Coupe co-authored Triple J's Internet Music Guide,(1998) with Richard Kingsmill. Coupe's more recent books include The Promoters (2003), Gudinski (2015); Roadies (2018); and Tex (2017), co-authored with Tex Perkins. In 2020, he published a biography of Australian musician, Paul Kelly (Australian musician). Also in 2020 came Coupe's book length collection of interviews with James Burton, Ron Tutt, Glen D. Hardin and Jerry Sceff who were Elvis Presley's TCB Band. The book is entitled On Stage With Elvis Presley (SEG Publishing). Coupe's interview with Beat Generation poet Allen Ginsberg was included in Conversations With Allen Ginsberg, edited by David Stephen Calonne (University Press Of Mississippi).

===Broadcasting===
Coupe's first foray into broadcasting was presenting the music program, Funk To Punk, on Sydney community radio station, 2SER in 1981. He was co-presenter with Bruce Stalder of the Sunday night Album Show on Sydney commercial radio station Triple M in 1987.

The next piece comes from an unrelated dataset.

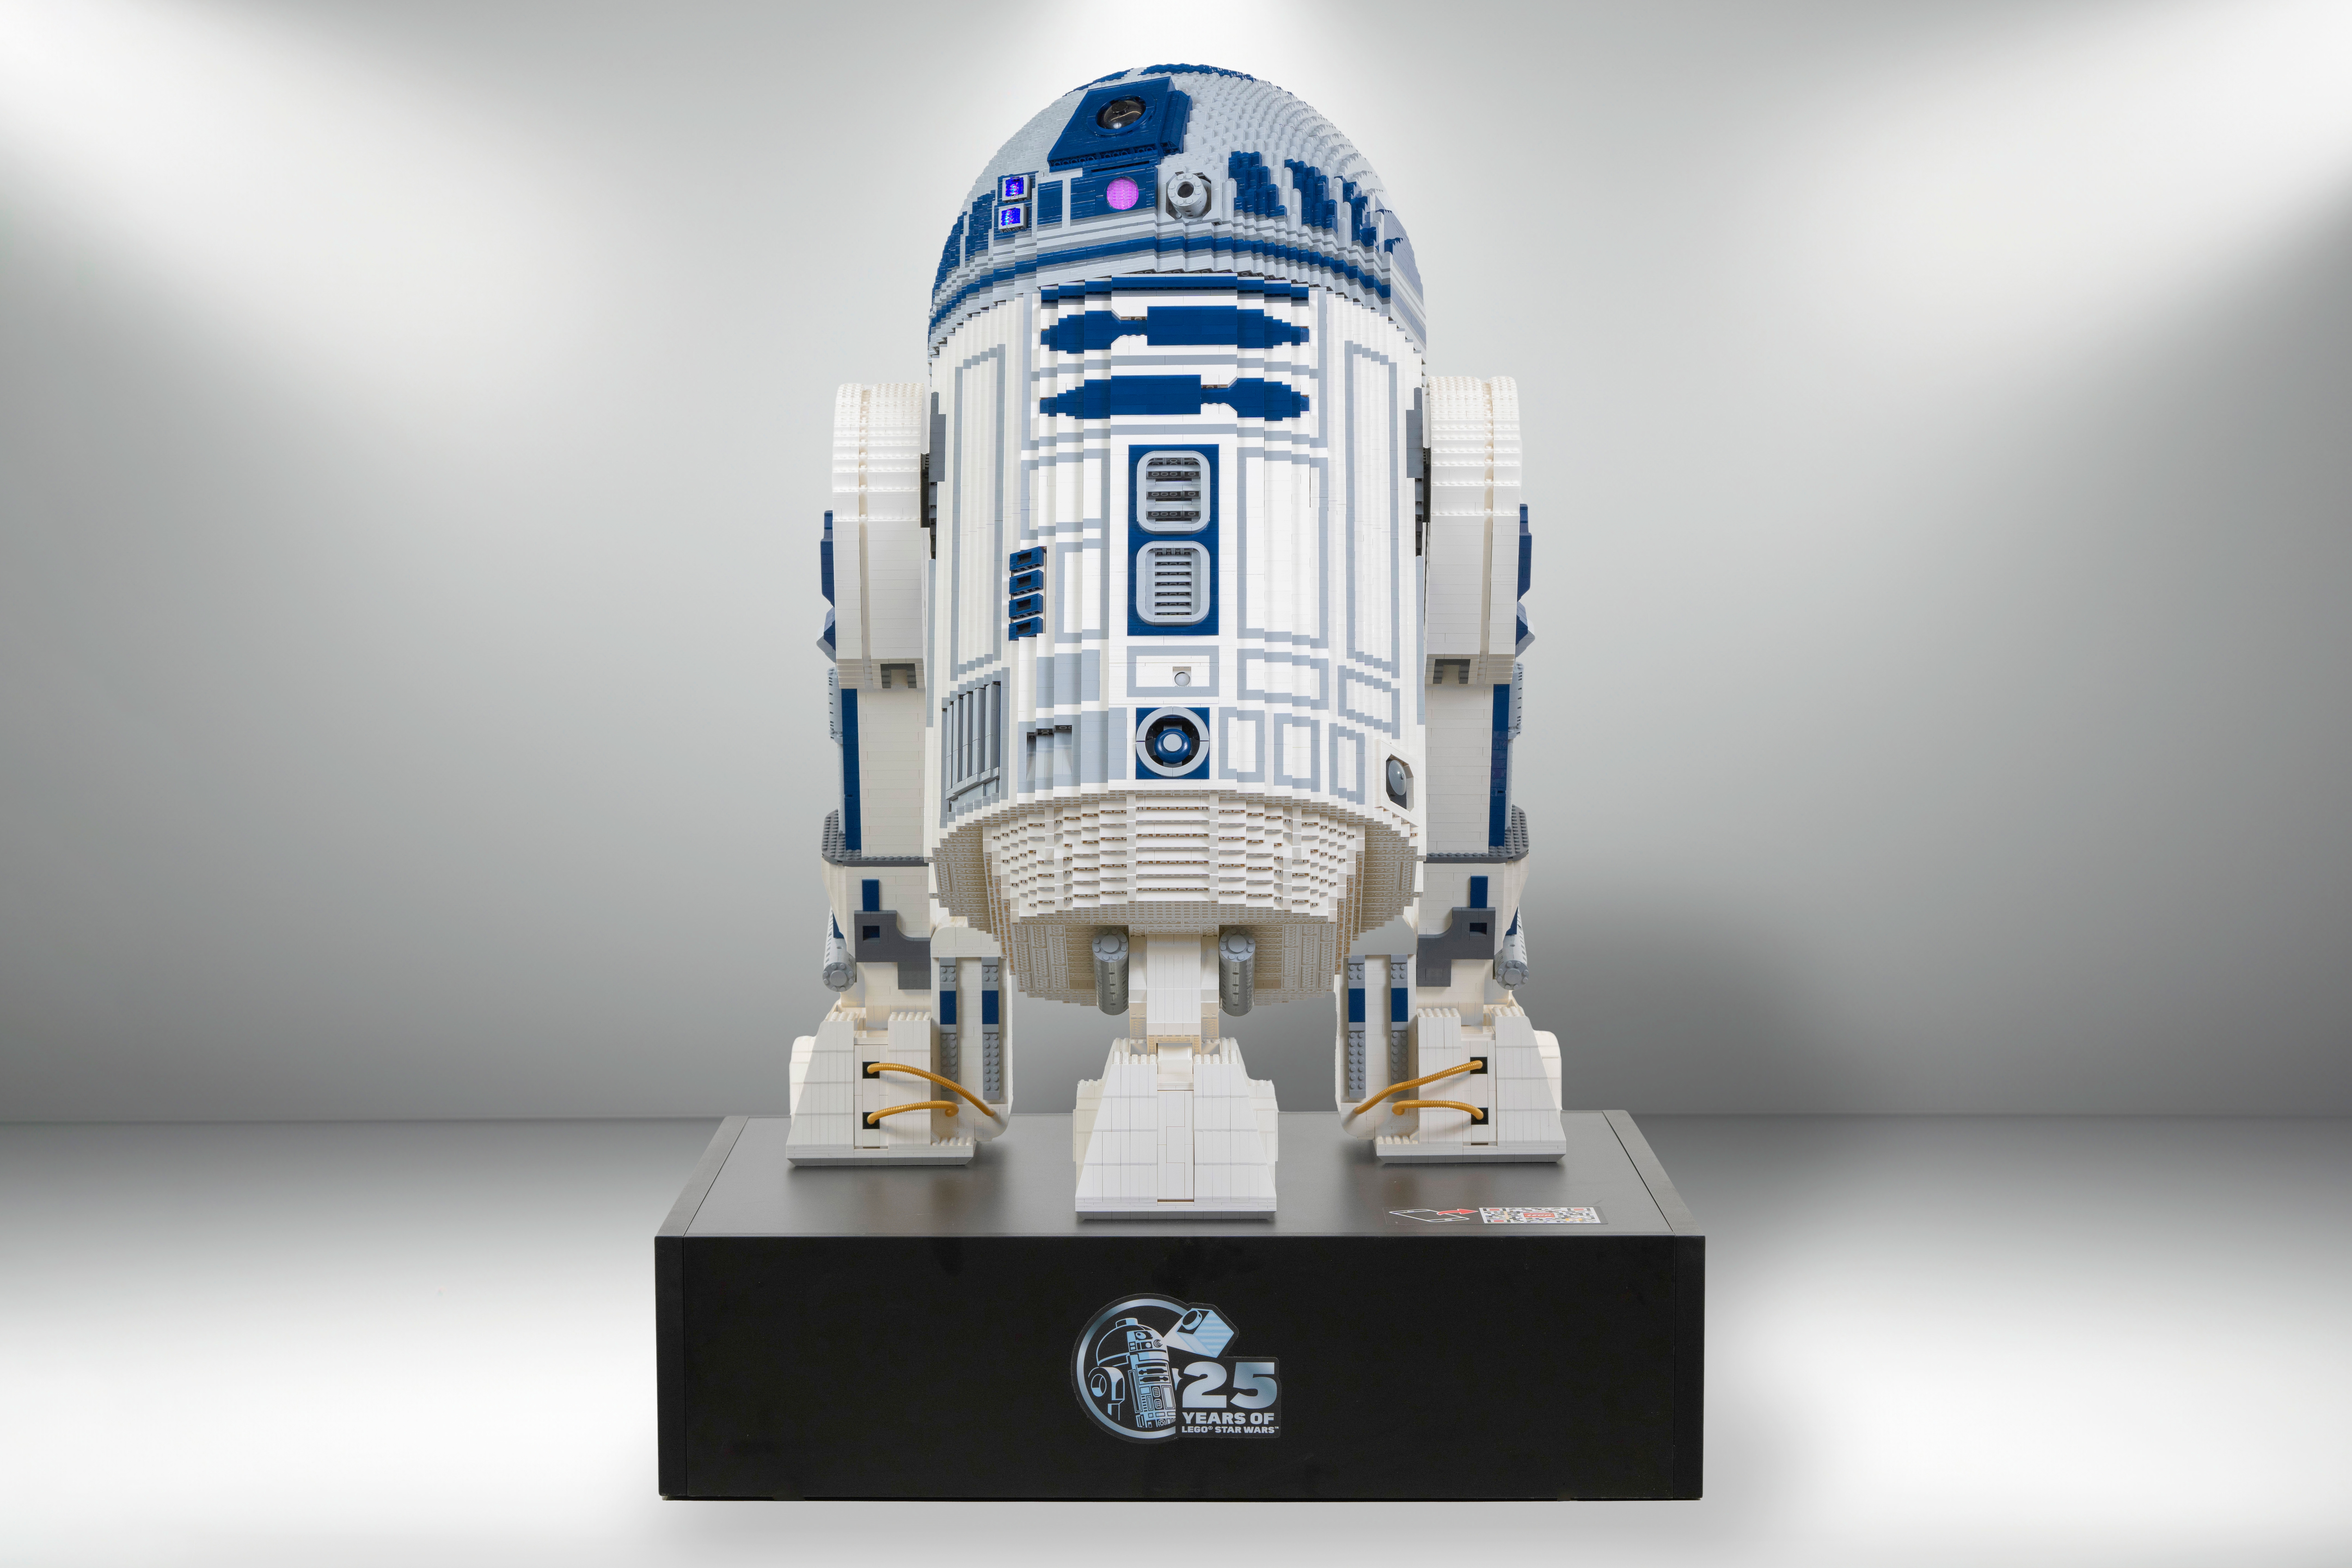 Lego unveils its biggest and best R2-D2 set in time for May the

In 2003 Coupe began presenting a music program called Lyricism on FBi Radio in Sydney. He went on to present other programs, including Out Of The Box and Tune Up. He is one of the station's longest serving broadcasters and is currently the presenter of Wild Card at midday on Tuesdays. In 2013 he filled in as a presenter of the roots and world music program, The Planet, on ABC Radio National while its regular presenter, Lucky Oceans, was on leave.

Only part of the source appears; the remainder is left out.